··· Data supplied

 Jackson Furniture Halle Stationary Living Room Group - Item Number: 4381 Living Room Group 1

······
··· Data supplied

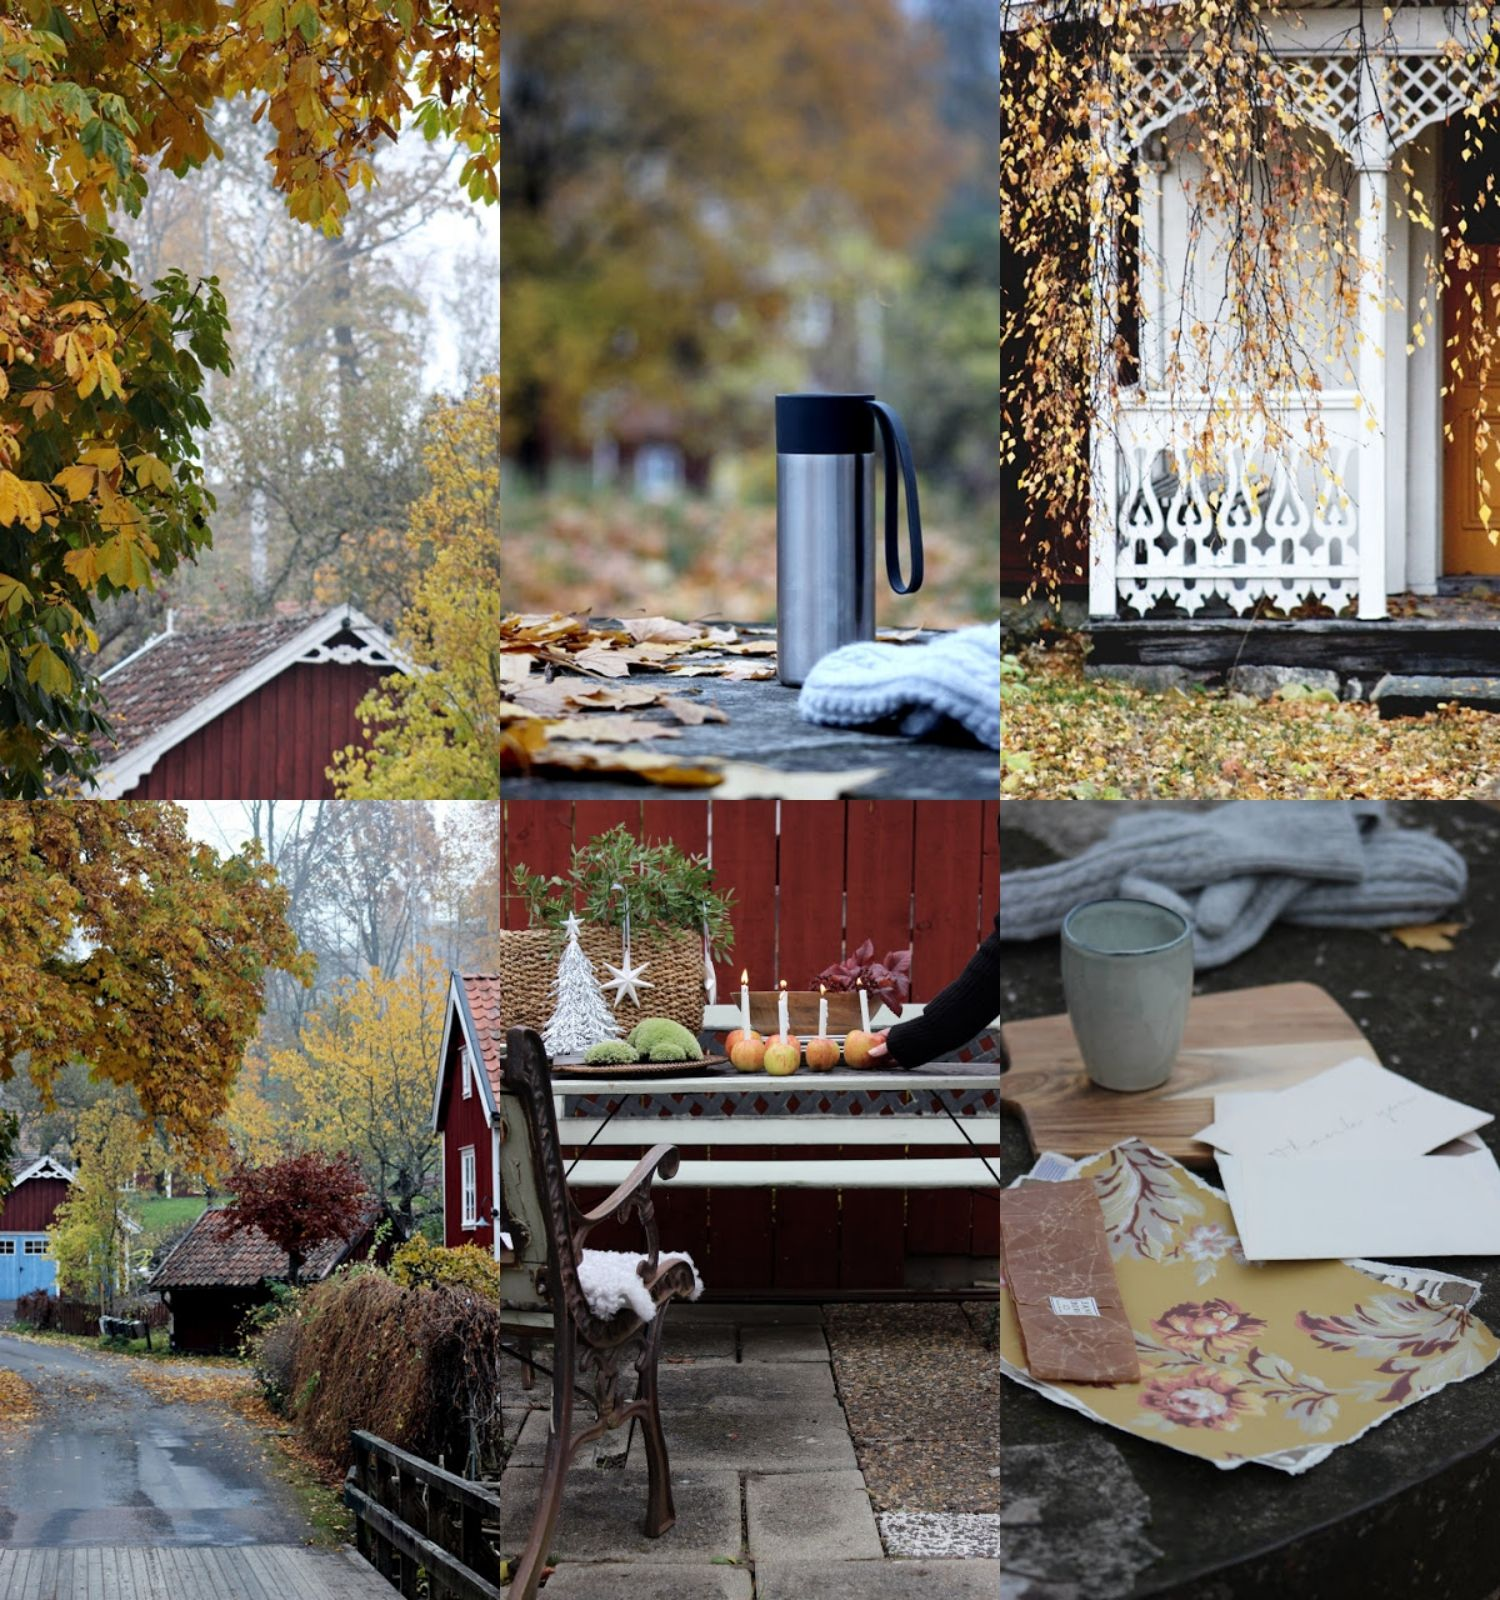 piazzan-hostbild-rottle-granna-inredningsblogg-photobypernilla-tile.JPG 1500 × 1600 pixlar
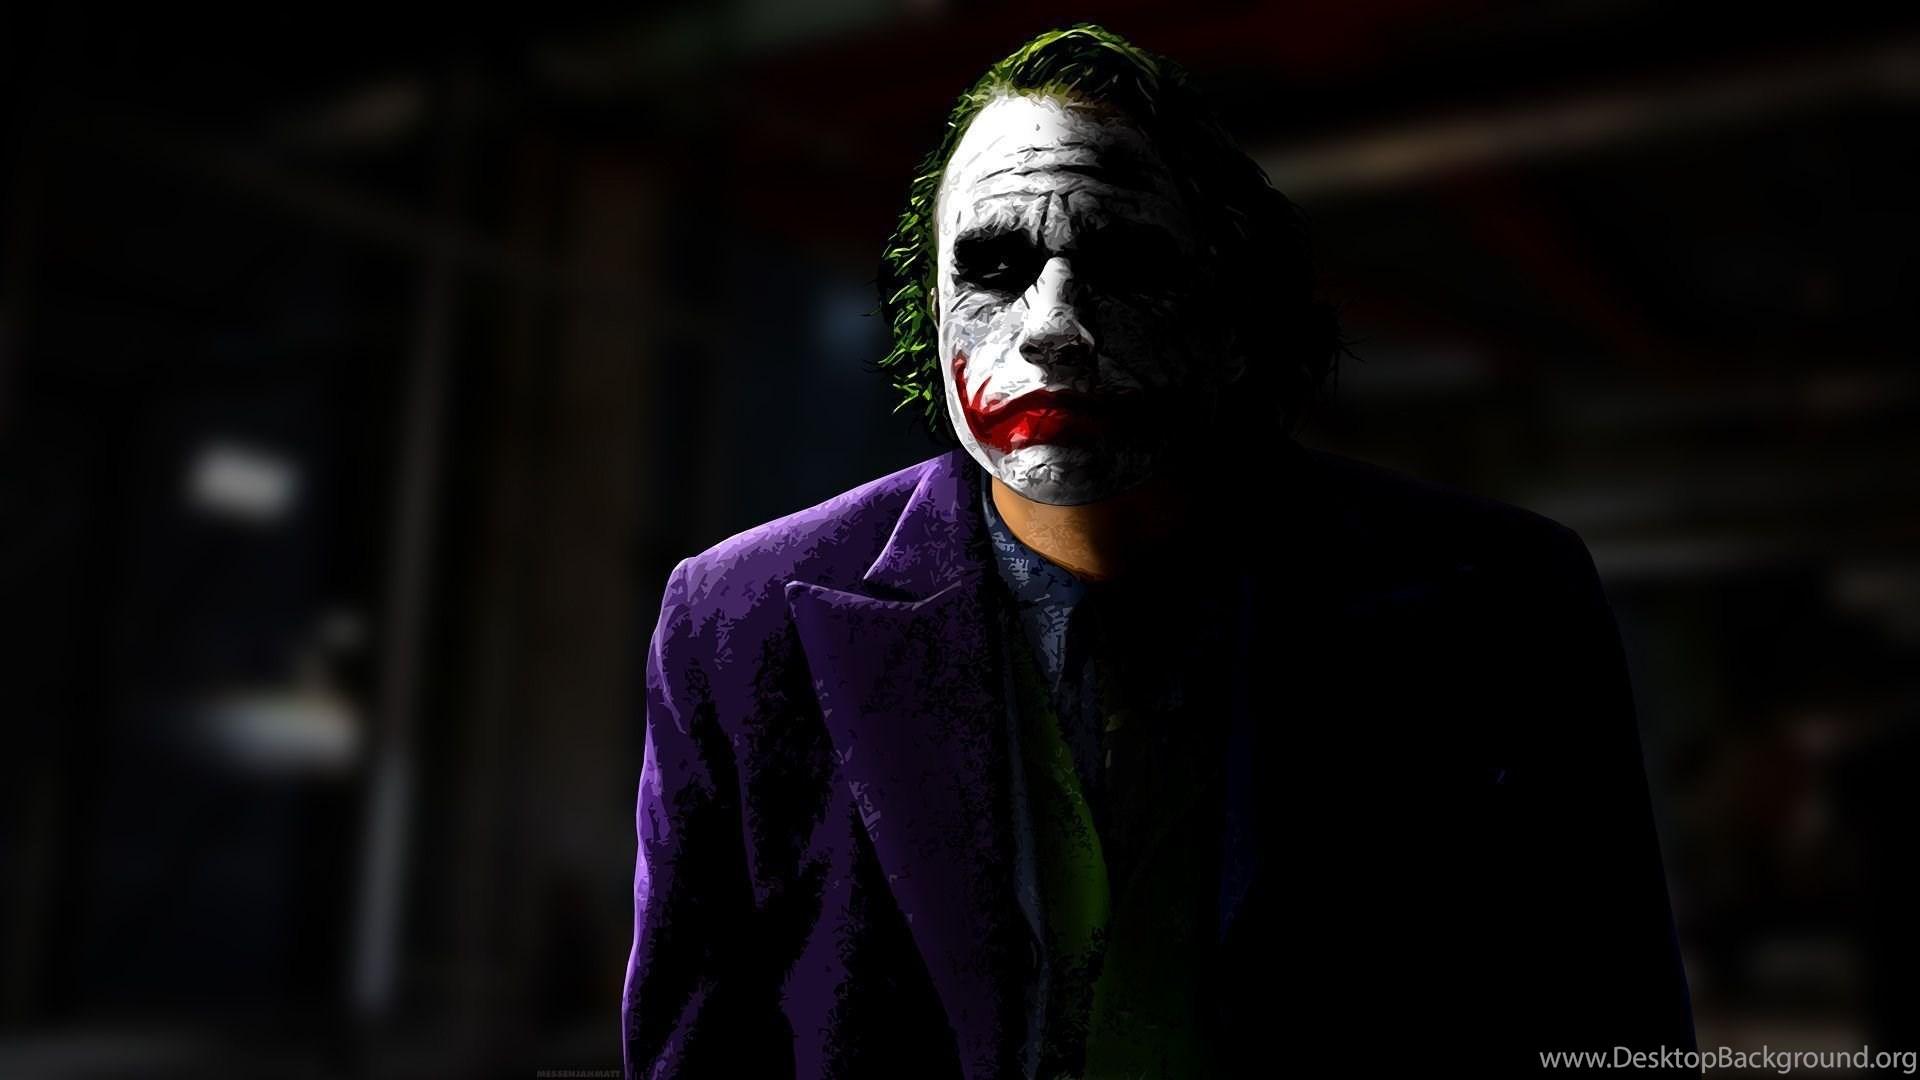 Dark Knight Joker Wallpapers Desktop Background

······

**Instructions to follow**
From the records above, copy only the lines running from the line containing "1500 × 1600 pixlar" to the line containing "Dark Knight Joker", both ends included. Leave the pictures out.

**Written response**
 piazzan-hostbild-rottle-granna-inredningsblogg-photobypernilla-tile.JPG 1500 × 1600 pixlar
 Dark Knight Joker Wallpapers Desktop Background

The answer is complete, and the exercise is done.